Closed yueli8 closed 6 months ago
Hey Yue,
Would you mind making a reproducible example for this issue?
It looks like the function works for at least one element of combinedTCR - but not all - so the issue may be in the list elements. Do all the elements of the combinedTCR have contig information?
Thanks, Nick
Hello Nike,
Thank you so much for your quick response!
Unfortunately, it still does not work.
I worked with scRepertoire
on version 2.0.3
. It works well onpositionalEntropy
, but does
not on positionalProperty
.
Thank you in advance for your great help!
Please see attached files.
Best,
Yue
rm(list=ls())
library(immunarch)
library(scRepertoire)
library(tidyverse)
library(SingleCellExperiment)
library(Seurat)
library(powerTCR)
read_mixcr_n_trans<- function(file,...){
df <- read.delim(file)
# transform the cell id {be consist with RNA data}
{
well<- gsub(df$tagValueCELL,pattern = "[AGCT]*-",replacement = "")

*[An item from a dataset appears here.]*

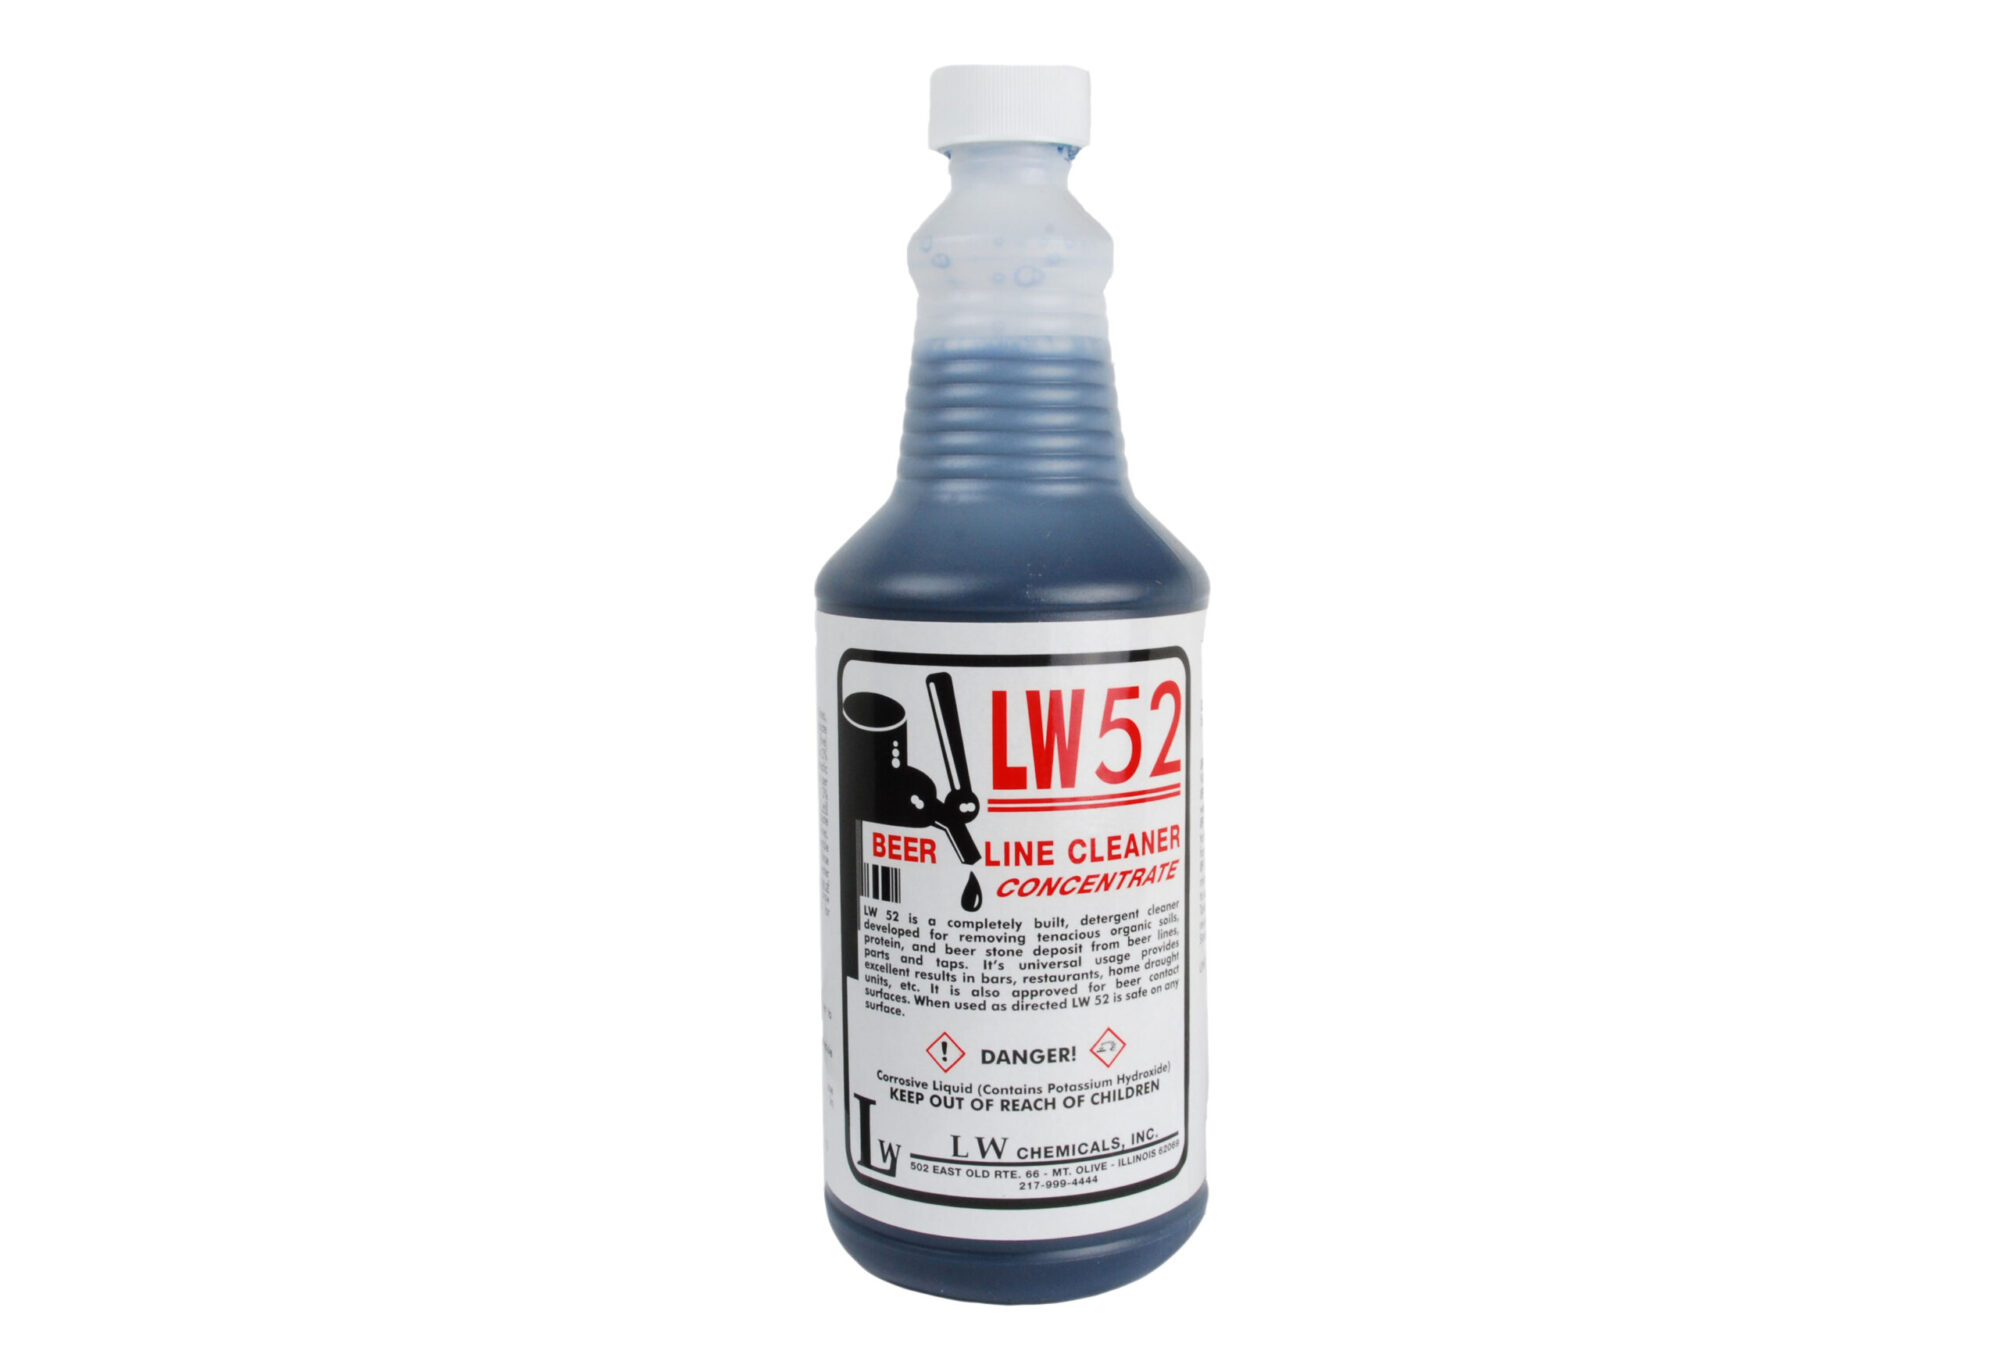 AB052 Concentrated Beer Line Cleaner - LW Chemical - 5oz/Gal = 2%

hp<- gsub(df$tagValueCELL,pattern = "-[AGCT]*-.*",replacement = "")
rt<- str_extract(df$tagValueCELL,pattern = "-[AGCT]{10}")%>%
str_sub(.,start = 2,end = nchar(.))
}
# add a column named "tagValueCELL" {as normal mixcr output}
df$tagValueCELL<- paste(well,hp,rt,sep ="_" )
return(df)
}
#four samples# Step1: Load MIXCR output -----------------------------------------
TIL_4095_1 <- "TIL_4095_101.csv"
TIL_4095_2 <- "TIL_4095_201.csv"
TIL_4095_3 <- "TIL_4095_301.csv"
TIL_4095_4 <- "TIL_4095_401.csv"
filelist <- c(TIL_4095_1,TIL_4095_2,TIL_4095_3,TIL_4095_4)
samples <- c("S1","S2","S3","S4")
contig_list<- lapply(filelist, function(x) read_mixcr_n_trans(x))

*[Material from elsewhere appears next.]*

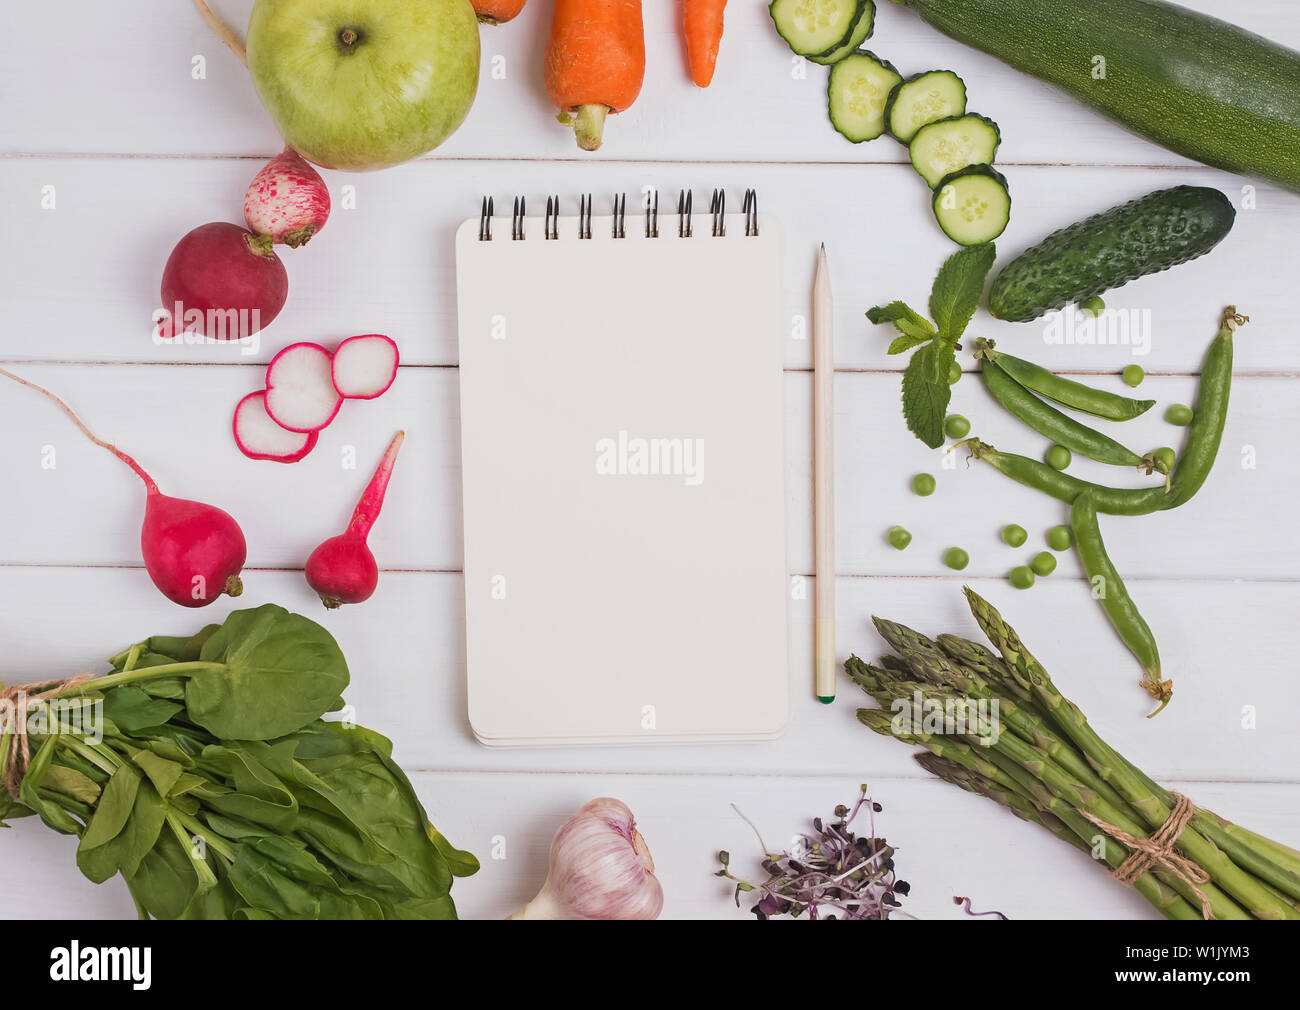 Meal plan of menu concept. Empty paper mock-up in the cener of different vegetables and fruits, top view Stock Photo

colnames(contig_list[[1]])
# convert to "scRepertoire" style
contig.list <- loadContigs(contig_list, format = "MiXCR")
#combineTCR
combined.TCR <- combineTCR(contig.list,
samples = samples,
removeNA = FALSE,
removeMulti = FALSE,
filterMulti = FALSE)
positionalEntropy(combined.TCR,
chain = "TRB",
aa.length = 20)
#positionalProperty
positionalProperty(combined.TCR[c(1,2)],
chain = "TRB",
aa.length = 20,
method = "Atchley") +
scale_color_manual(values = hcl.colors(5, "inferno"))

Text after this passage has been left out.